As the present sample is derived from a treatment outcome study that examined multiple treatments, a possible explanation for these findings (as well as a potential study limitation) is that one of the treatments may have differentially impacted the measurement of anxiety. For instance, it is possible that psychoeducation, an element of the two psychological treatment conditions, may alter ones’ perception and understanding of anxiety differently than the non-therapy treatment conditions. Another consideration was that perhaps medication side-effects not present at baseline impacted the model at posttreatment. Though minimally present overall, significant differences in some adverse events between the medication and CBT conditions were found (e.g., fatigue, restlessness, insomnia) [19]. It is also worth noting that the PARS has an item on physical symptoms and the MASC and SCARED have physical and somatic symptom subscales, respectively. Furthermore, it is possible that treatment drop out may have heightened these effects. Although little drop out occurred, participants in the cognitive-behavioral therapy condition (i.e., Coping cat; 4.3%) were significantly less likely to drop out from treatment than those in the medication (i.e., sertraline; 17.3%) or placebo (19.7%) groups (the combination group, 9.3%, did not significantly differ from other groups with respect to drop out) [19]. If it is believed that medication side effects impacted the endorsement of items, differential participant drop out by treatment condition may exacerbate this effect. Future research is required to examine this further, as well as potential invariance between treatment conditions in general.

The study findings should also be considered in light of limitations. First, as with all examinations of LMI, findings may be exclusive to the characteristics of the present sample (e.g., age range, time interval).
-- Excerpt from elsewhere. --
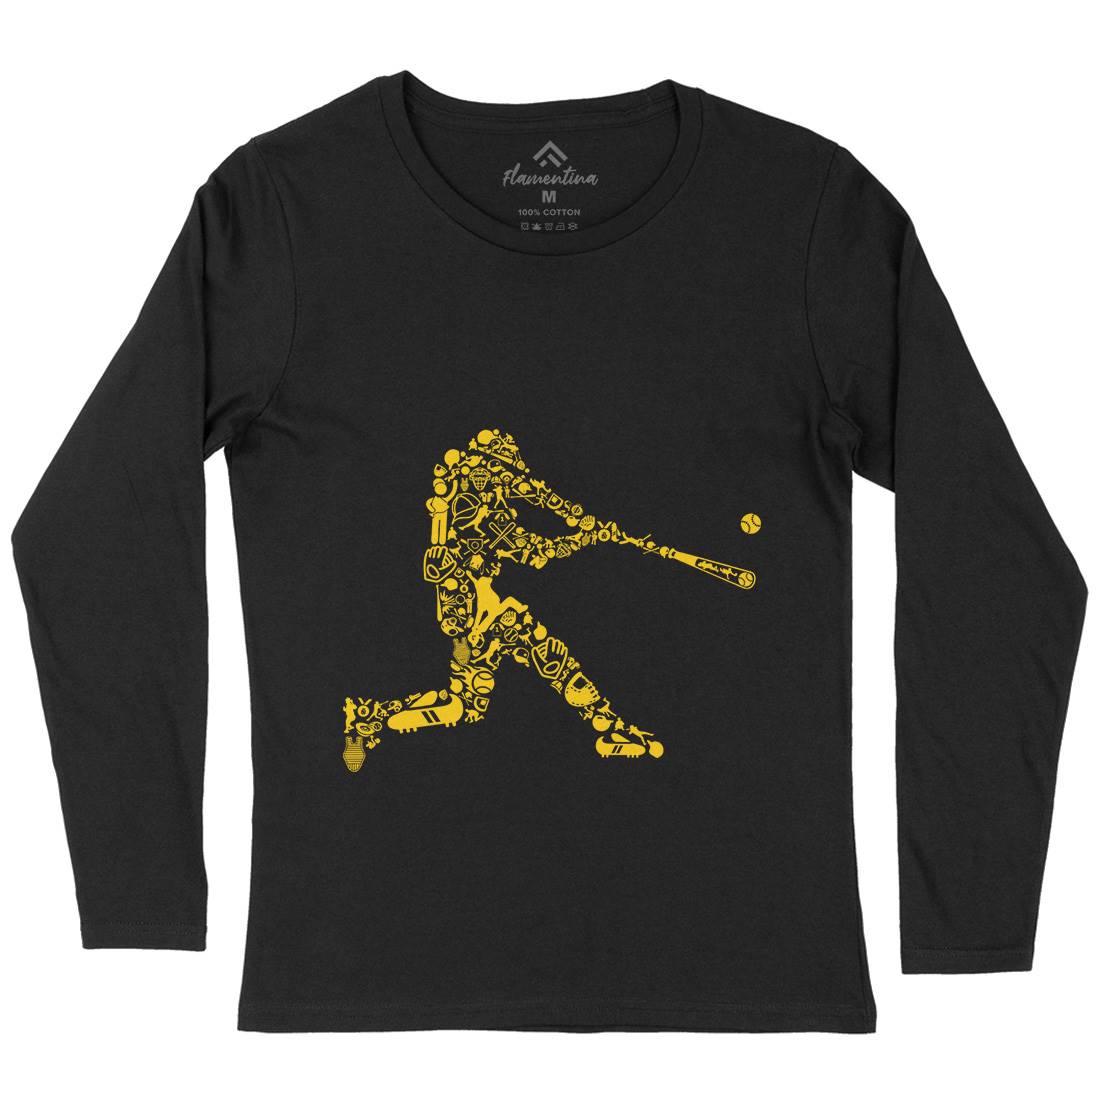 Baseball Player Womens Long Sleeve T-Shirt Sport B007
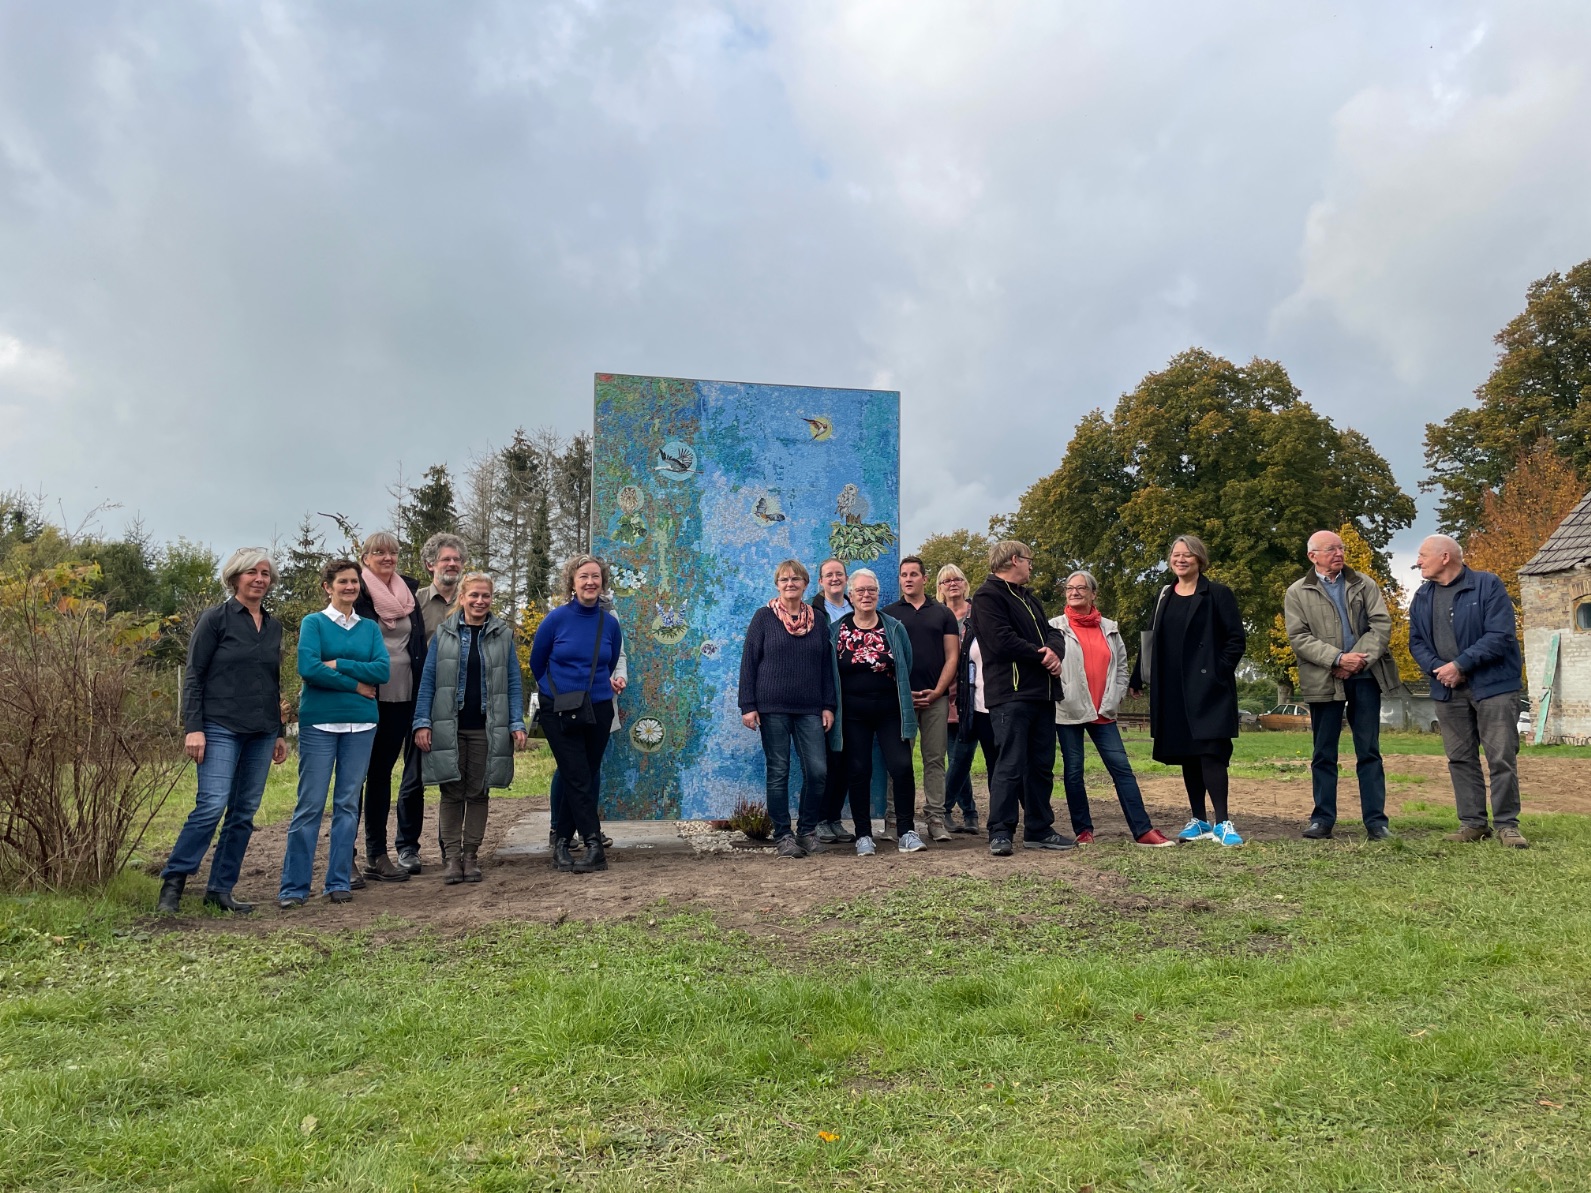 Gruppenfoto der Auftraggebergruppe vor dem Mosaik nach dem Entwurf „Tiere und Pflanzen in Wietstock" mit Künstlerin Antje Majewski und Mediatorin Susanne Burmester

Nevertheless, it is important to not take for granted measurement invariance found in the present sample. Next, as noted above, to pursue measurement invariance models, the majority of models had to be modified with the inclusion of covariances. Although statistically supported, it is possible that the added covariances may not be appropriate or may be providing a “crutch” to the model. Likewise, covariances were added following examination of modification indices, which is not theory driven. Results should be interpreted within this context and future research should replicate these findings utilizing a theory driven approach. Additionally, MASC and SCARED analyses used WLSMV estimation which relies on pairwise data and thus is less adept at handling missing data than MLR or imputation. Finally, the CAMS sample was predominantly white, potentially limiting the generalizability of these findings to more diverse samples. It is possible that when replicated in more diverse samples, conclusions on longitudinal measurement invariance may differ from the present study’s findings, particularly if the measures are not invariant across demographic characteristics. Future studies should assess longitudinal measurement invariance in more diverse samples as well as assess measurement invariance across racial and other factors.

Summary

The present findings, combined with the existing literature, illuminate a complicated picture of whether anxiety measures consistently assess the same construct across treatment. Greater attention to longitudinal measurement invariance is needed when measures are designed and initially validated as researchers need confidence that changes over time are due to treatment effects and not due to changes in the measurement properties. Presently, clinicians and researchers utilizing the MASC or the SCARED to monitor changes in anxiety symptoms may want to use an alternative measure, such as the RCADS, which, in addition to demonstrating measurement of the same construct over time [2], has also been recommended as a consensus measure of youth anxiety [41].